Federal environmental reports come from scientists now in the crosshairs of Project 2025. Heather Cox Richardson’s recent briefings make the stakes plain:
- fire independent experts,
- dismantle reviews,
- strip agencies, and
- refill them with partisans.
What they fear isn’t inefficiency—it’s competence paired with honesty.
The arrogance is familiar: “We know better than the land.” It’s the same thinking that drained wetlands for parking lots and planted monocultures destined to fail. Now it’s sold as “efficiency” and “deregulation.”
Removing job protections for environmental scientists isn’t just cutting “red tape.” It silences the people who can still say:
– This air will kill you.
– This soil is poisoned.
– This flood wasn’t natural.
– This policy is a crime.
Once those voices go silent, no one is left to speak for rivers, forests, or aquifers. And without data, disasters vanish from the record.

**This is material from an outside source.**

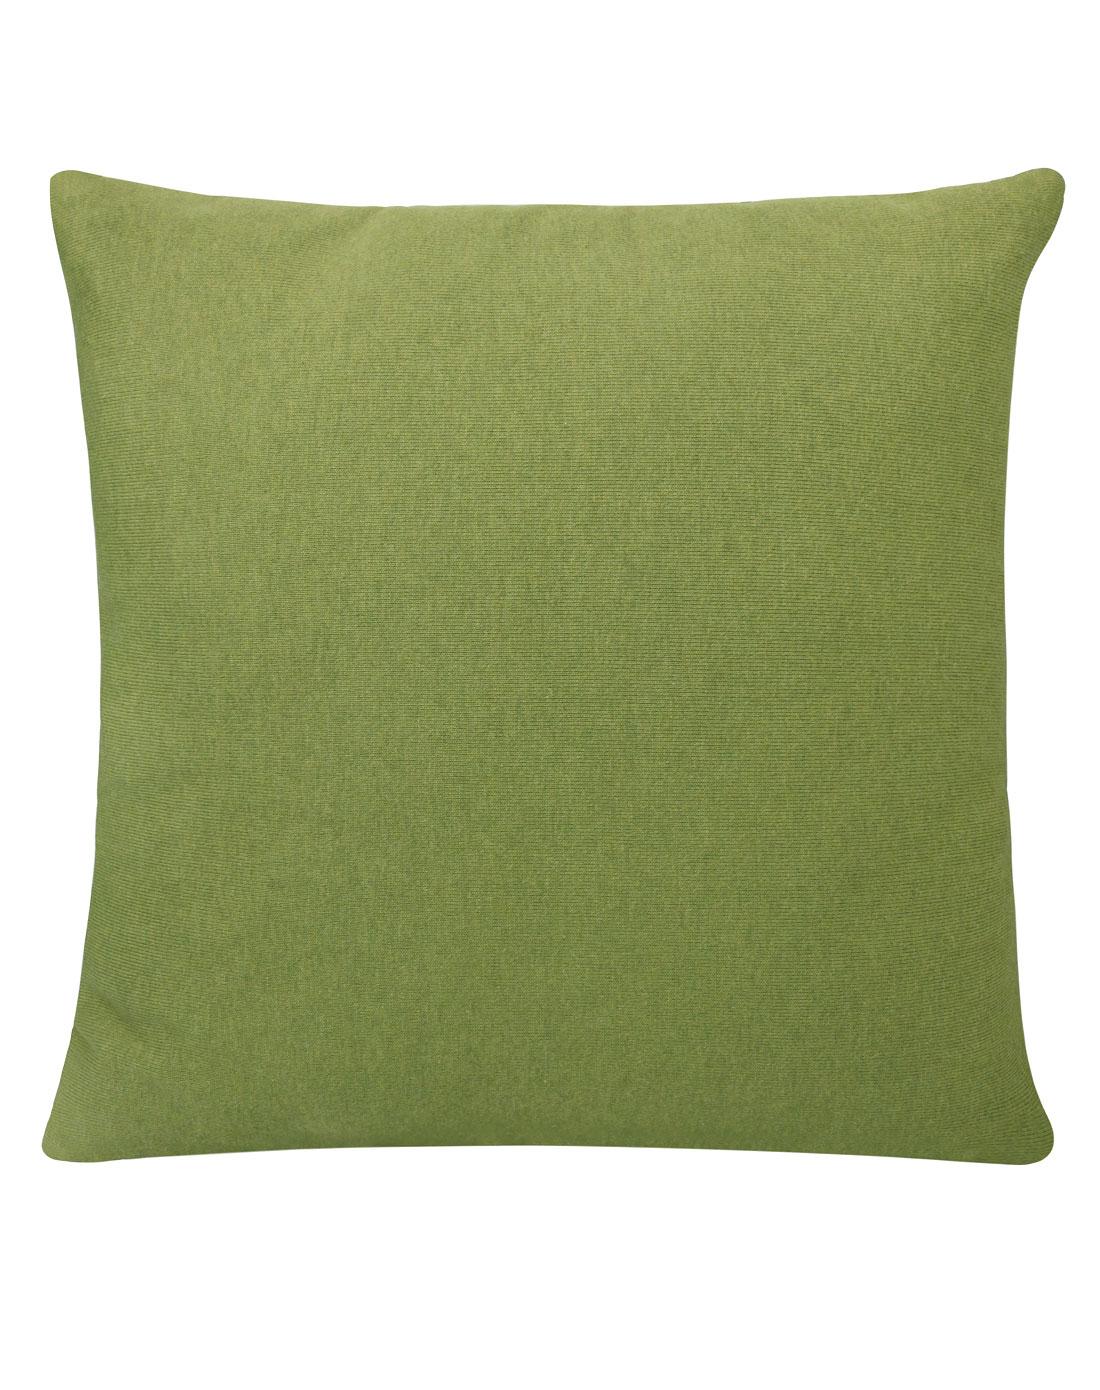 基本生活emoi绿白条纹针织抱枕p0001124_唯品会

Project 2025 is more than legal strategy—it’s an ideology that treats science as an obstacle and the earth as property. Climate models are politicized because they’re accurate. Park rangers are pressured to mislead about wildfire causes because the truth exposes donors. Biologists are reassigned when findings threaten land development plans.
This is governance where truth is a liability, ecosystems are branding tools, and species survival is weighed against private profit.
The land remembers. Burn it, and it holds the ash. Drain it, and it keeps the scar. Lie about it, and it still tells the truth—in rising floodwaters, collapsing bee colonies, shifting migration patterns.
Resisting this wave of manufactured ignorance starts with defending the soil, the water tables, the wildlife counts. These are the records that can’t be spun, and that’s why those in power are working to bury the people who keep them.
The forest doesn’t lie. But it can be silenced—unless we protect those who listen and tell its story.